This topic describes the running modes of Spark on MaxCompute, including the local, cluster, and DataWorks modes.

Local mode

The local mode allows you to easily debug application code, through a similar method to that of native Spark, and allows you to read and write MaxCompute tables by running the undefinedtunnel command. You need to add the required tunnel configuration items and endpoint information in the Spark-defaults.conf file. The endpoint varies depending on the network conditions and the region where the MaxCompute project is located. For more information, see Configure Endpoint.
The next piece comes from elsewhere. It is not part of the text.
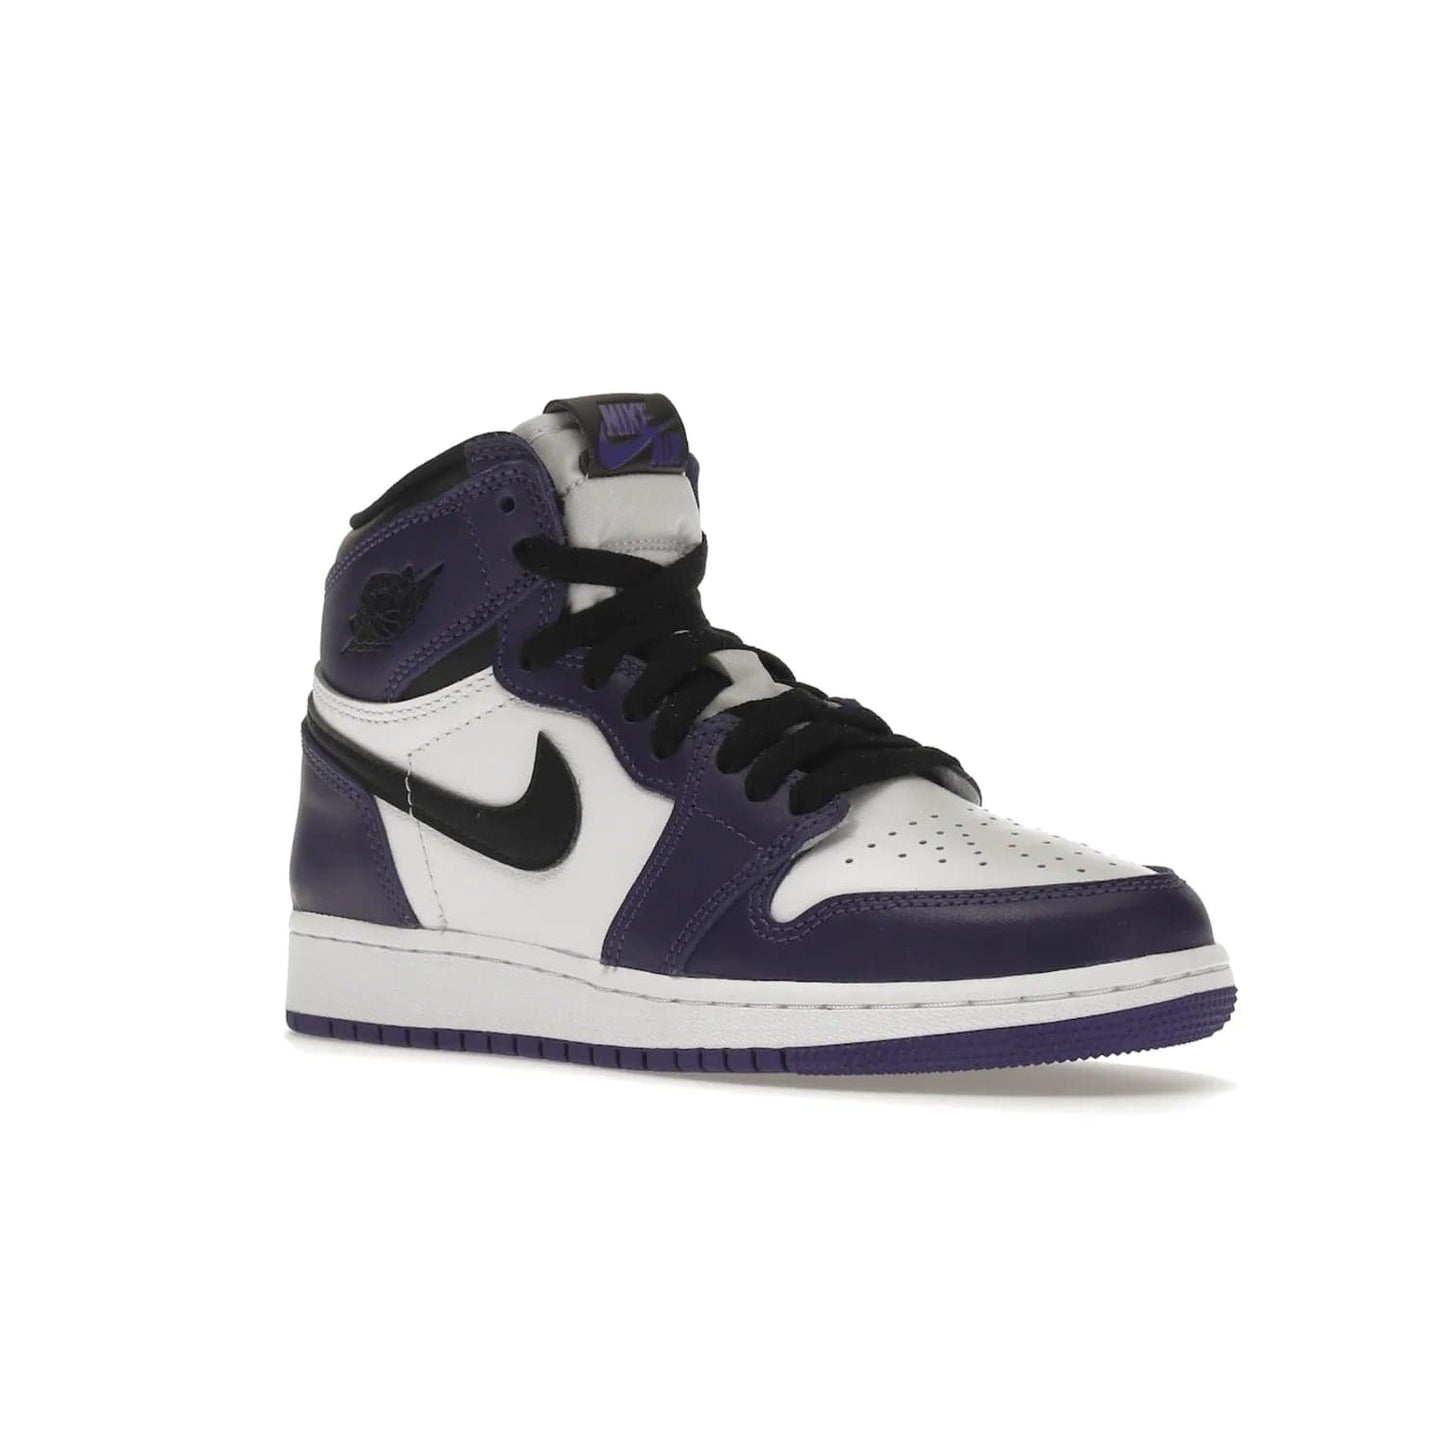 Jordan 1 Retro High Court Purple White (GS) - Image 5 - Only at www.BallersClubKickz.com - The Air Jordan 1 Retro High Court Purple is here and young sneaker heads can show off classic style. Features a white tumbled leather upper, black swoosh, purple overlays, black collar with purple overlay, white tongue, black patch with purple Nike Air logo and swoosh, white midsole, and purple rubber outsole with circular pattern.

You can enable the local mode in an integrated development environment (IDE) or command line interface (CLI). To do so, you need to add the spark.master=local[N] configuration item, where N indicates the CPU resources required for running in the local mode. The following is an example of enabling the local mode in the CLI:
1.bin/spark-submit --master local[4] \
--class com.aliyun.odps.spark.examples.SparkPi \
${path to aliyun-cupid-sdk}/spark/spark-2.x/spark-examples/target/spark-examples_2.11-version-shaded.jar

Cluster mode

In cluster mode, you need to specify Main, which is a custom program entry and a crucial part of this mode. In this mode, the Main must succeed or fail for the Spark job to end. This mode is suitable to offline jobs and can be used in combination with Alibaba Cloud DataWorks for job scheduling. The method of submitting the CLI is as follows:
1.bin/spark-submit --master yarn-cluster \
–class SparkPi \
${ProjectRoot}/spark/spark-2.x/spark-examples/target/spark-examples_2.11-version-shaded.jar

DataWorks mode

Note Supported Region: China (Hong Kong), West USA 1, Central Europe 1, Asia Pacific SOU 1, Asia Pacific SE 1.
In DataWorks, you can run offline Spark on MaxCompute jobs in cluster mode. This helps to integrate Spark on MaxCompute nodes with other types of nodes and better schedule these nodes. To run an offline Spark on MaxCompute job, follow these steps:undefined
  1. Log on to DataWorks, and then upload and submit resources as a file in the target workflow.
  2. In the left-side navigation, click a workflow and select ODPS Spark.
  3. Drag a Spark on MaxCompute node to the workflow and double-click the node to define a Spark on MaxCompute job.
  4. Select a Spark version, language, and resource file (the file you have uploaded and submitted in Step 1), specify configuration items (for example, the number of executors and memory size), and set the endpoint configuration item spark.hadoop.odps.cupid.webproxy.endpoint for the Spark on MaxCompute service (the value of the endpoint configuration item is the connection address of the endpoint serving the region where your Spark on MaxCompute project is located).
  5. Manually run the Spark on MaxCompute node. You can view the logs of this job and based on the logs you can obtain the LogView data of the job and the URL of LogView. In addition, you can compile the data to diagnose the job.
    Note After the Spark on MaxCompute job is defined, you can orchestrate and centrally schedule and run different types of services in the corresponding workflow.